Data —
※
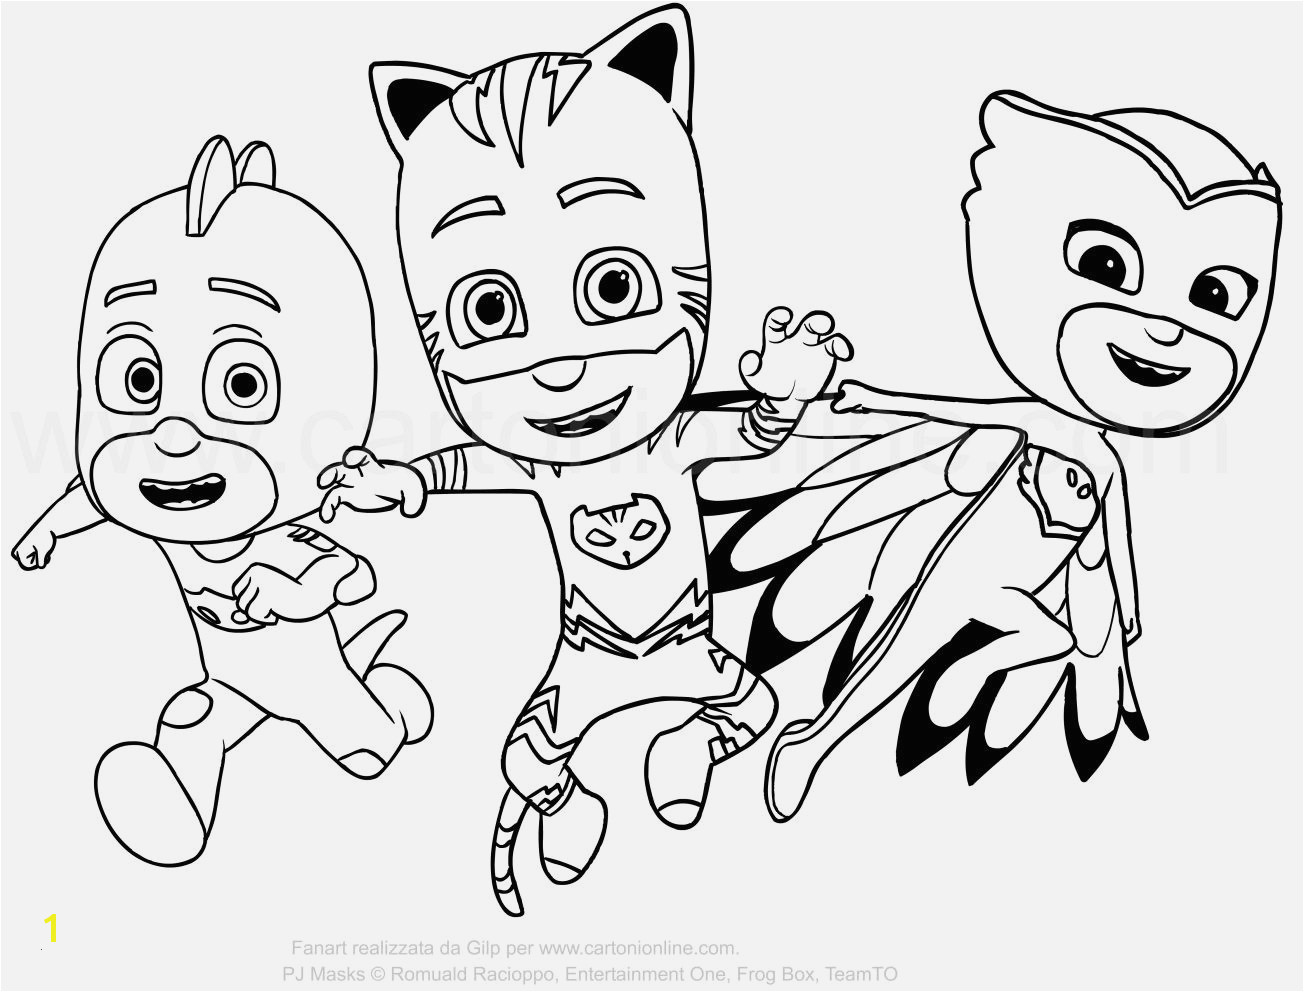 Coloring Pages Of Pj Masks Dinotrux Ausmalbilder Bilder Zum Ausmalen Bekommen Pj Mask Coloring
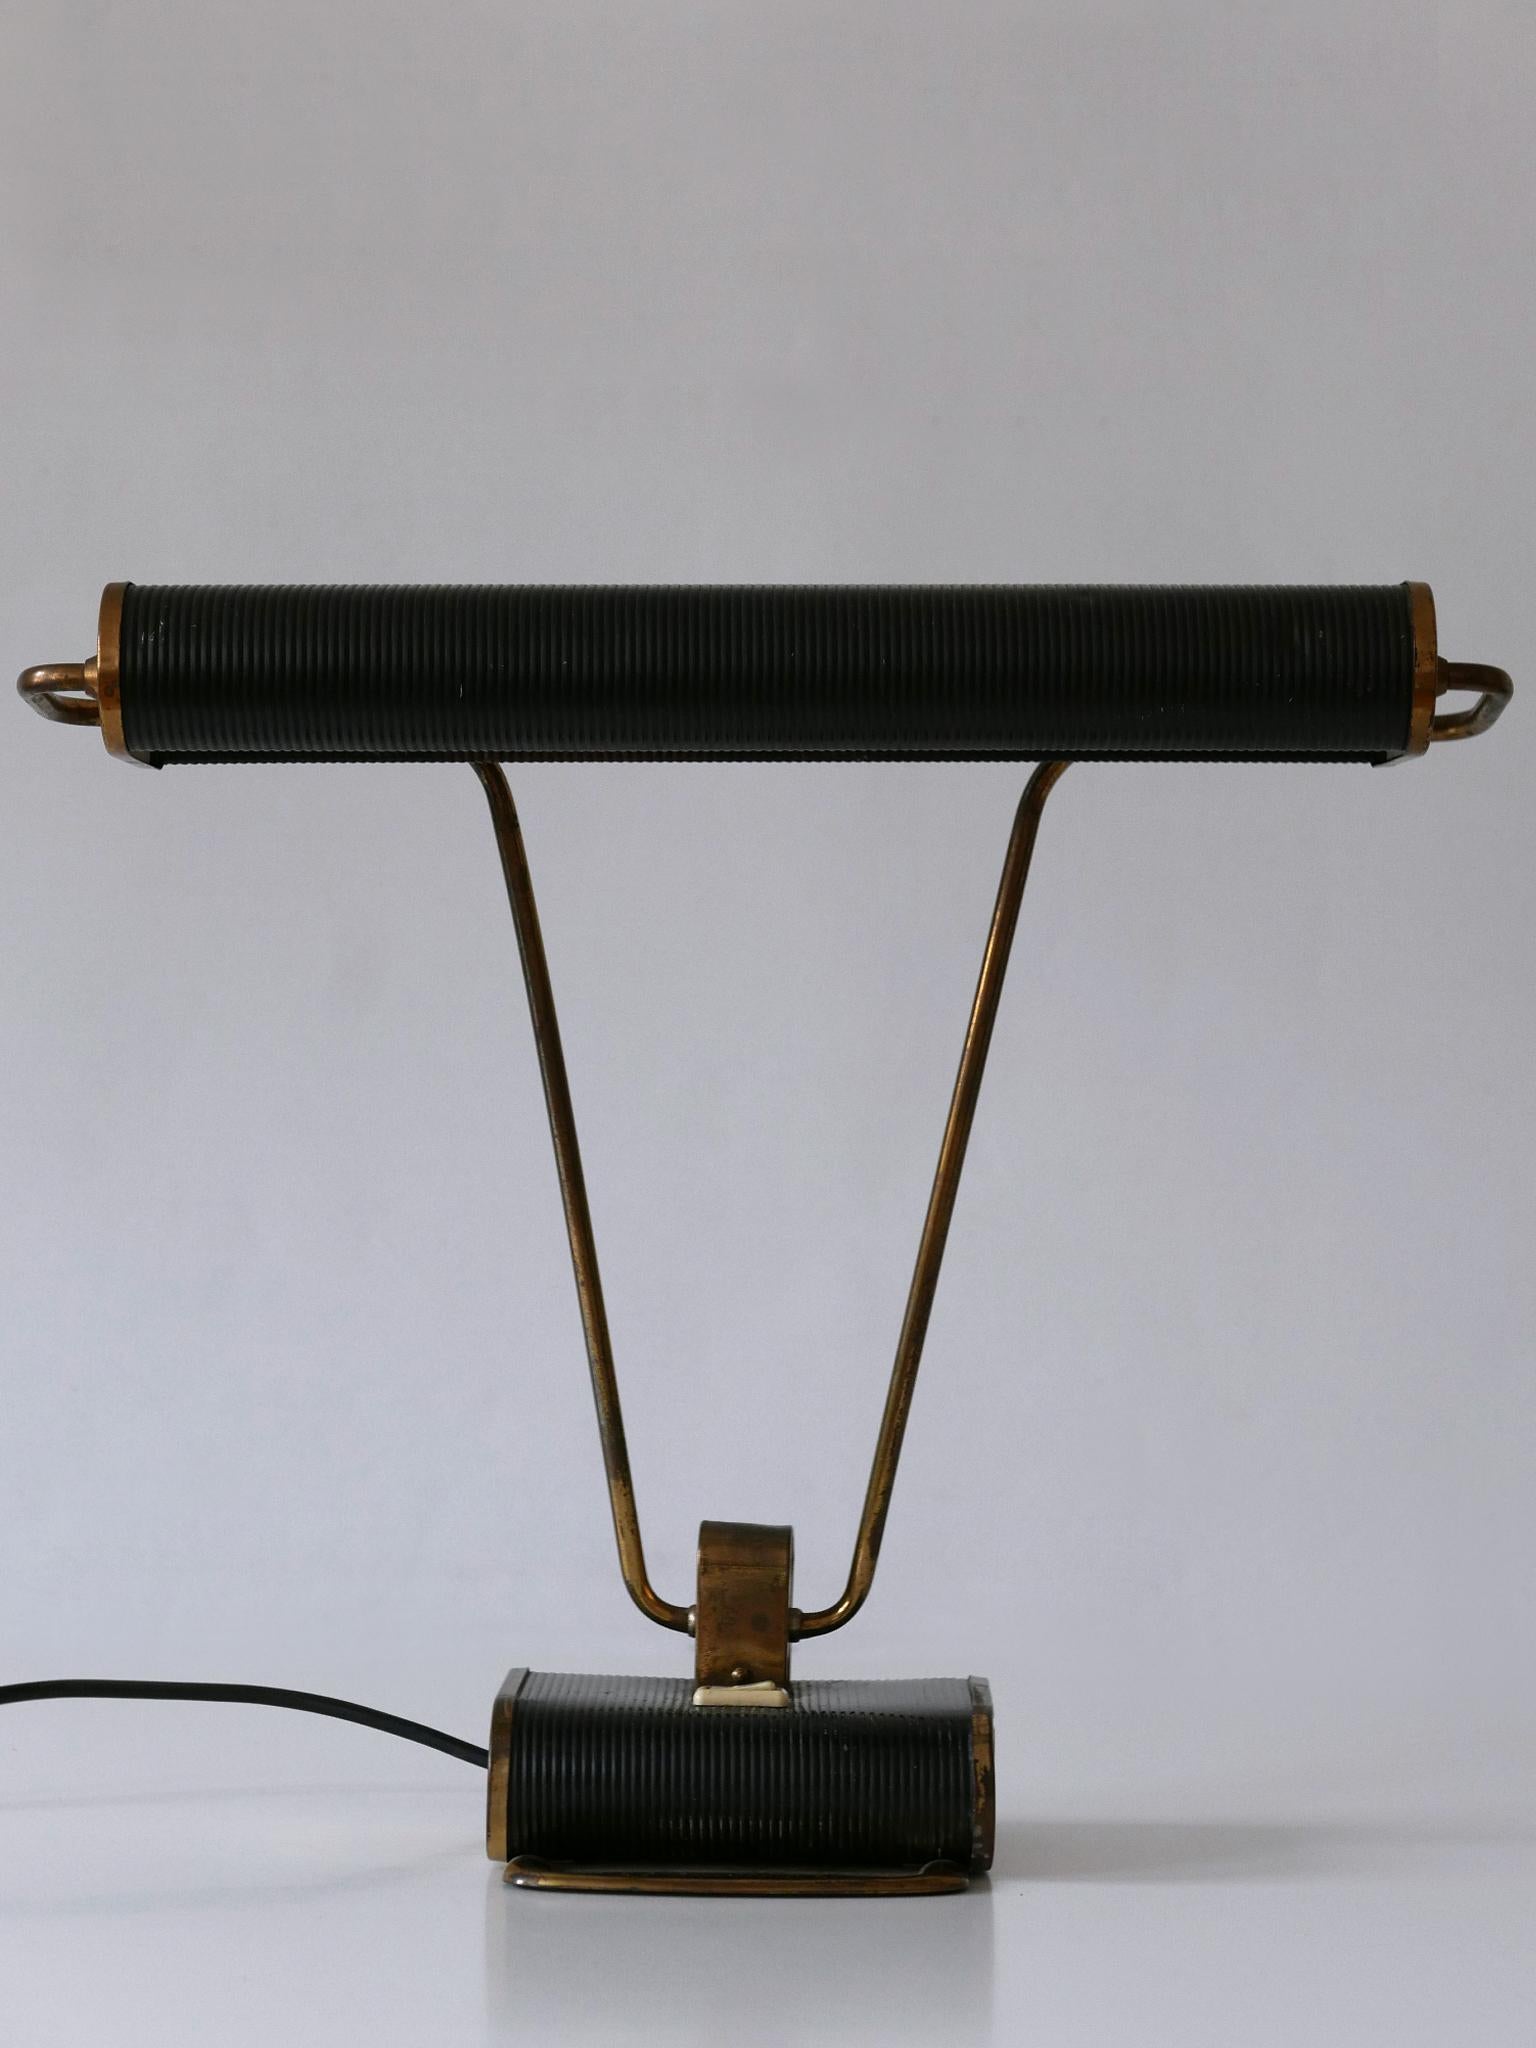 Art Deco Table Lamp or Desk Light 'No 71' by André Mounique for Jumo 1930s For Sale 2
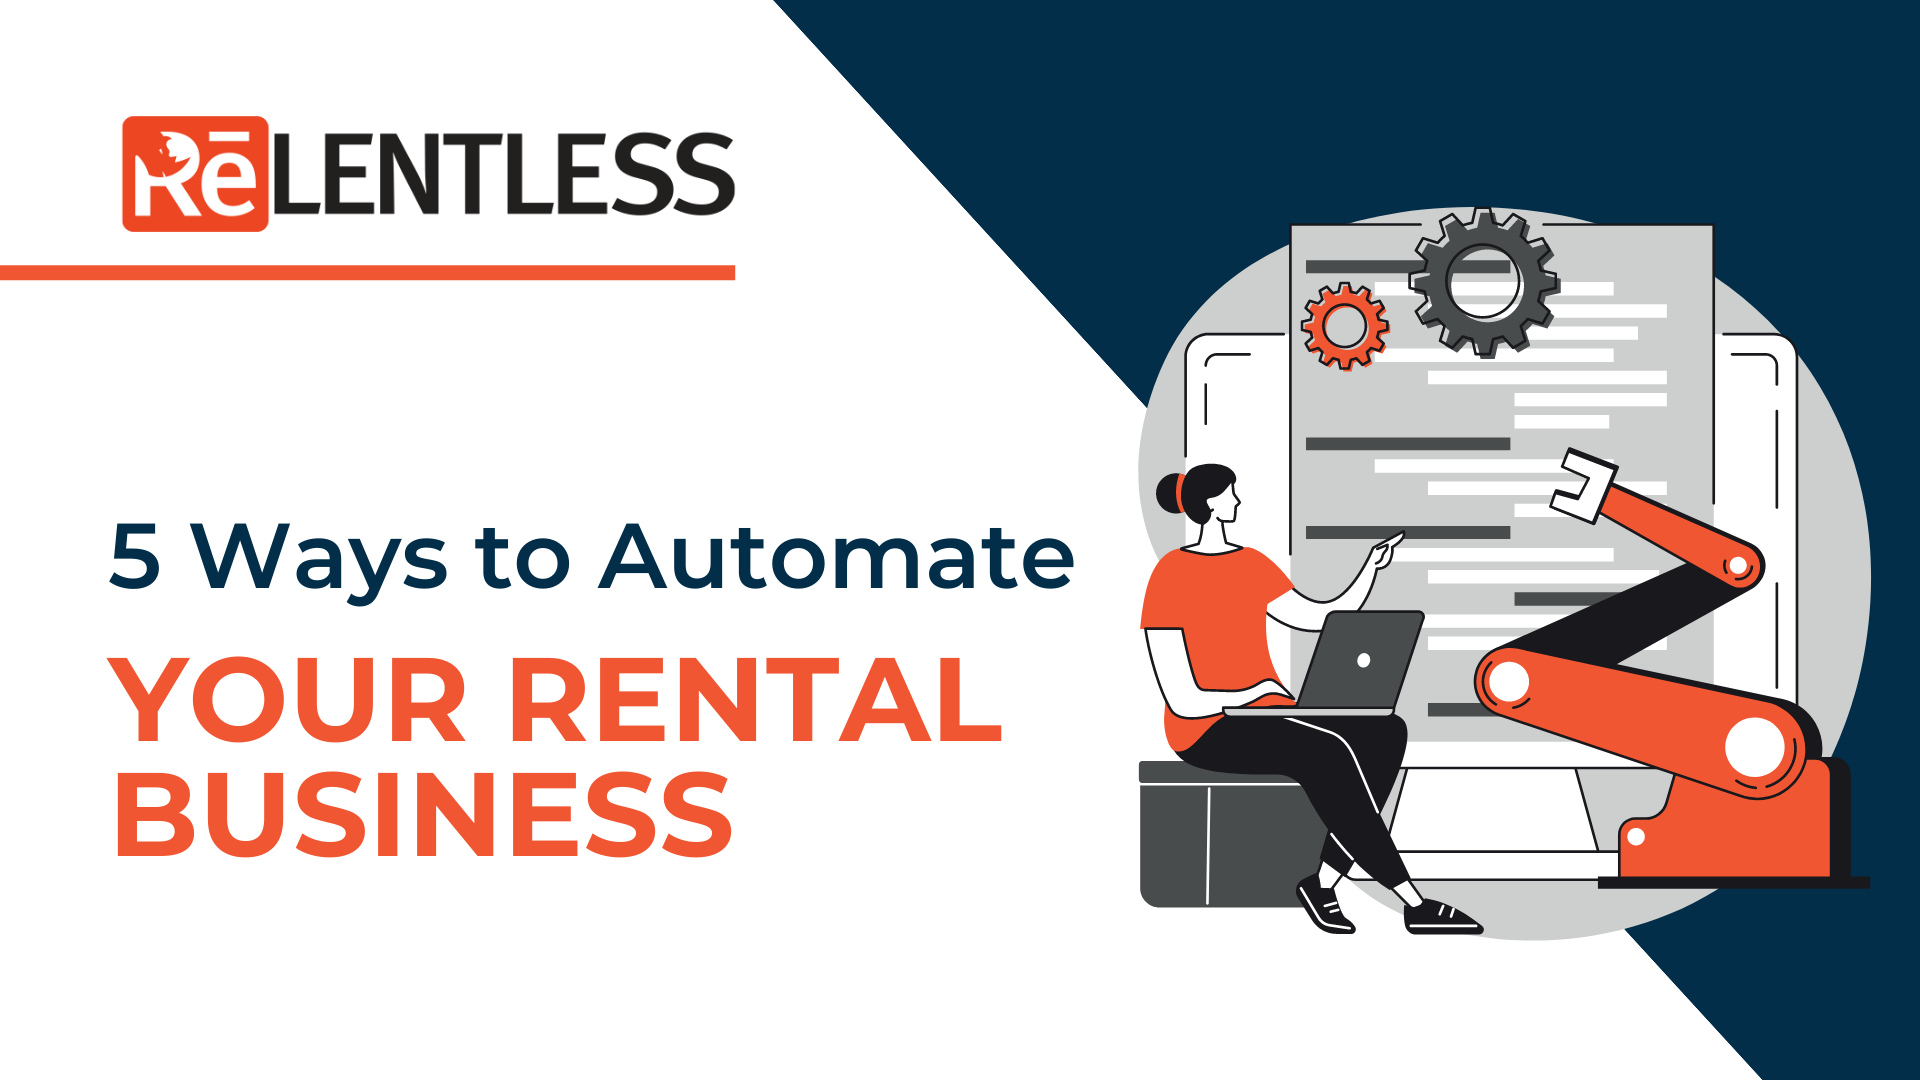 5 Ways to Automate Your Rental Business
※
Problem —
Each line of the listing is to be retyped exactly, and its pictures are to be dropped.

Result of this exercise —
 Coloring Pages Of Pj Masks Dinotrux Ausmalbilder Bilder Zum Ausmalen Bekommen Pj Mask Coloring
 Art Deco Table Lamp or Desk Light 'No 71' by André Mounique for Jumo 1930s For Sale 2
 5 Ways to Automate Your Rental Business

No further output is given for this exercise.